在山が、悟ったような顔で遠くを見つめた。

「お前ともココでお別れやな。今までありがとうな、無無」

「なに勝手に脳内で俺を地獄行きにしてんねん!」


 無無が、審判員に聞こえないよう声を潜めながらも鋭く突っ込んだ。

「そやさかいお前はいつも詰めが甘いねん。俺はまだ、あわよくば天国という名の『イメージ』を売り抜こうとしとるんやぞ」

「あぁ・・・」


 在山は無無の反論を聞いているのかいないのか、空腹を思い出したように腹をさすった。

「養鶏場のケイコちゃんが作ったTKG美味しかったよなあ。最後にもう一回食べたかったなあ」

「TKGは誰が作っても同じやろ! 闇売に脳やられてんな、お前」


 無無は呆れ果てて天を仰いだ。

「ケイコちゃんの卵料理はなんでも美味しかったやろ。出し巻きとか、オムレツとか。TKGは素材の味や、本人の腕関係ないわ!」


 目の前の審判員が、わずかに身じろぎした。死後の行き先が決まろうという瀬戸際で、卵かけご飯の是非を議論する二人。そのあまりの「生々しさ」が、静まり返った三途の川の空気を、どこか場違いなものに変えていた。

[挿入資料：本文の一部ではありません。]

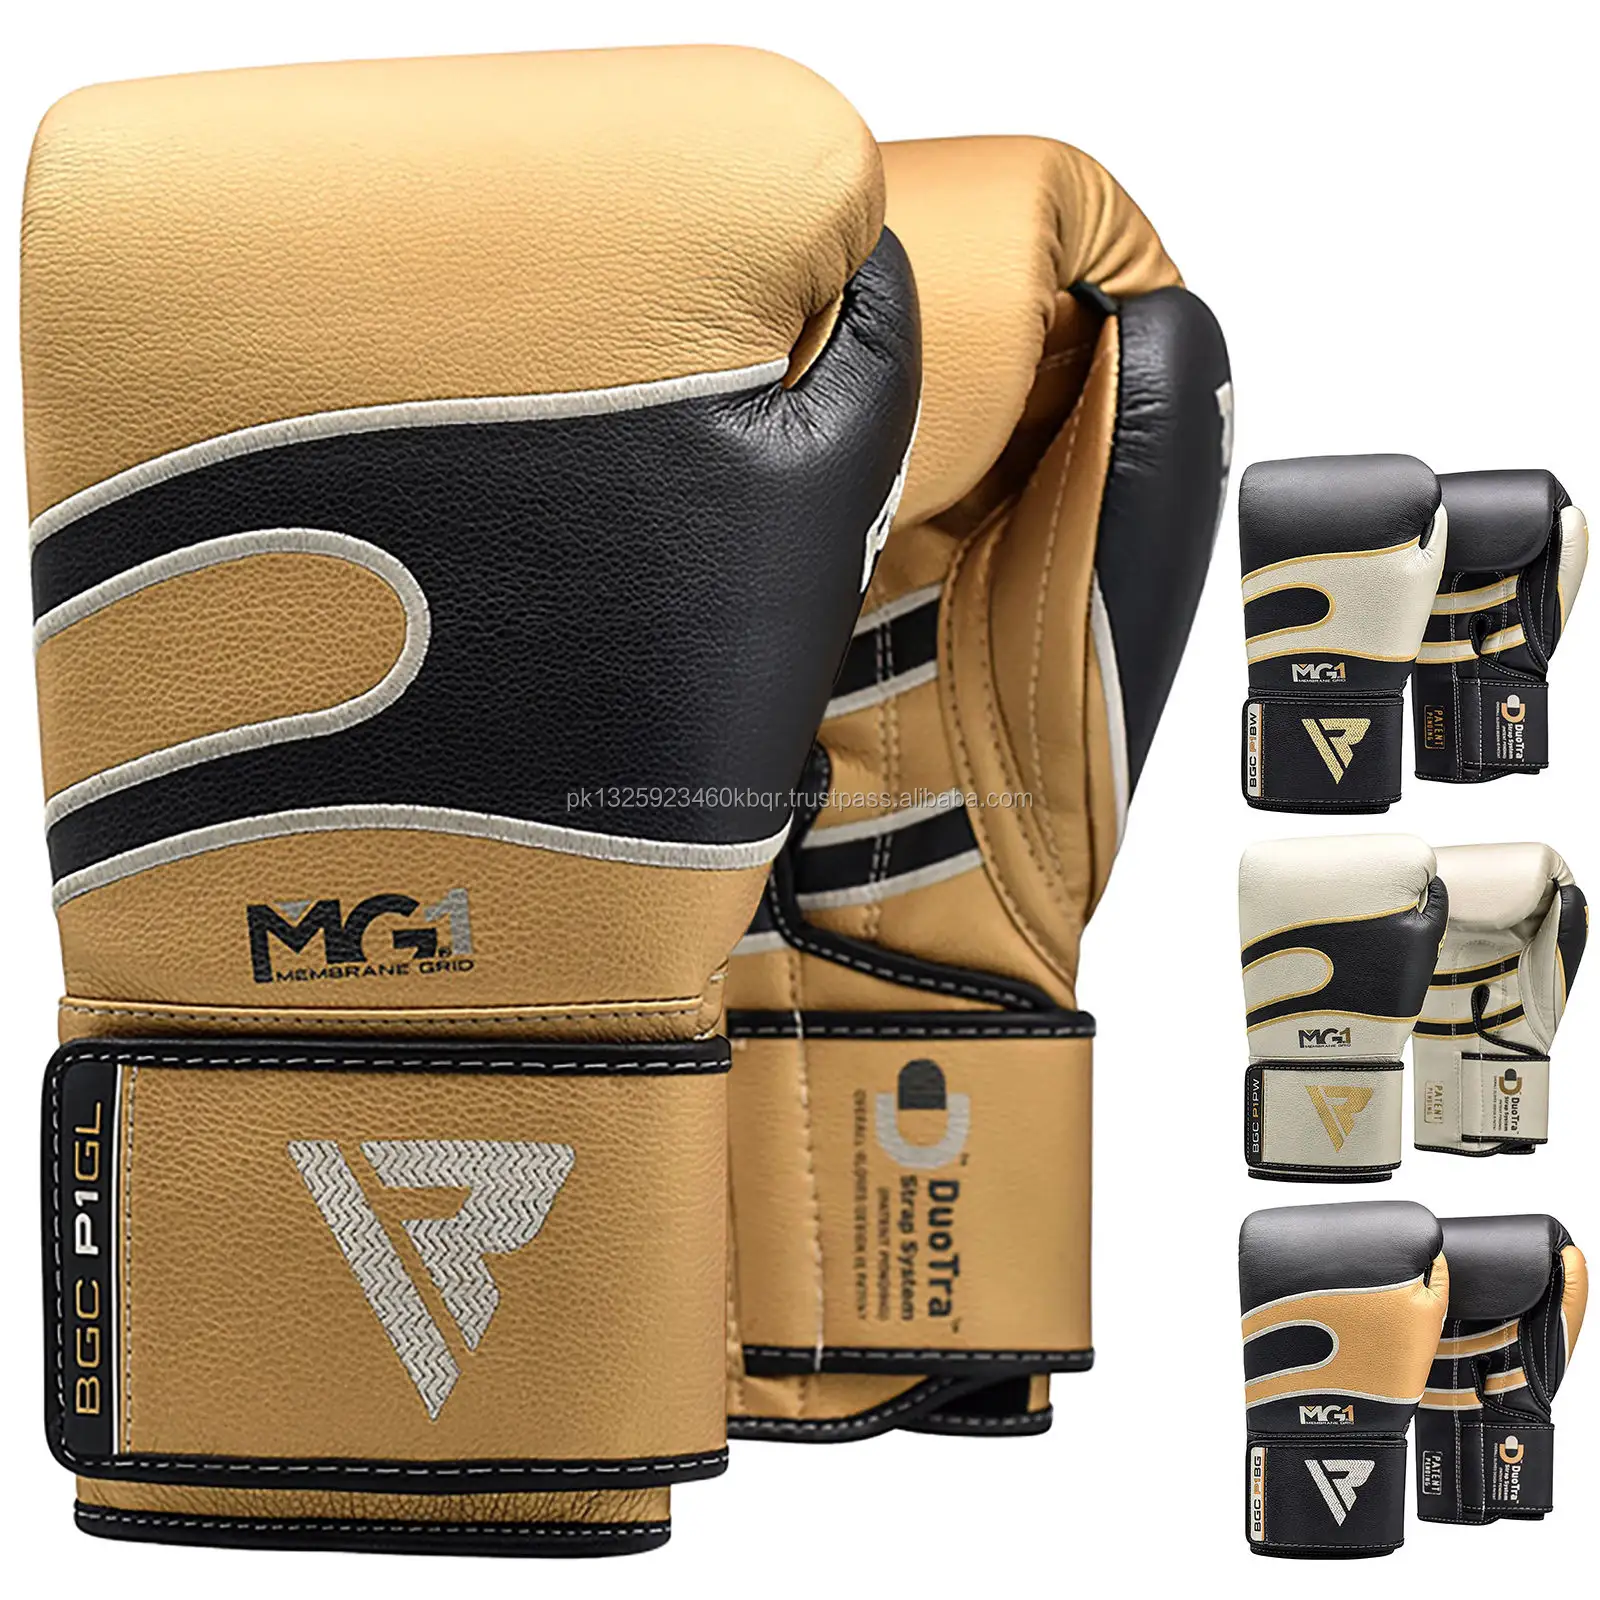 Professional Custom Made Boxing Gloves Sparring Training MMA Muay Thai Kick Boxing Punch Bag

「おい、なんか、審判員首を傾げてないか?」  在山が不安げに審判員の様子をうかがう。その巨大な影は、深い困惑を示すようにゆっくりと頭を傾けていた。


「・・・『良い行いがなぜ1つもないのか?』」

 無無が、審判員の口から漏れた言葉を、魂の抜けたような声でオウム返しにした。

「そんなん、こっちが聞きたいわ! 24時間フル稼働で象売ろうとしてたんやぞ!」

「闇を抱えてるかで審査されるんですよね?」


 在山が、闇売から聞いた「裏ルール」を信じて、期待の眼差しを審判員に向ける。しかし、返ってきたのは、慈悲の欠片もない冷徹な沈黙だった。

「あっ、ちょっと忘れ物しちゃって・・・さーせん」


 無無は突然、愛想笑いを浮かべながら後ずさりした。そのまま踵を返し、脱兎のごとく小走りで元来た道を引き返す。在山も慌ててその背中を追った。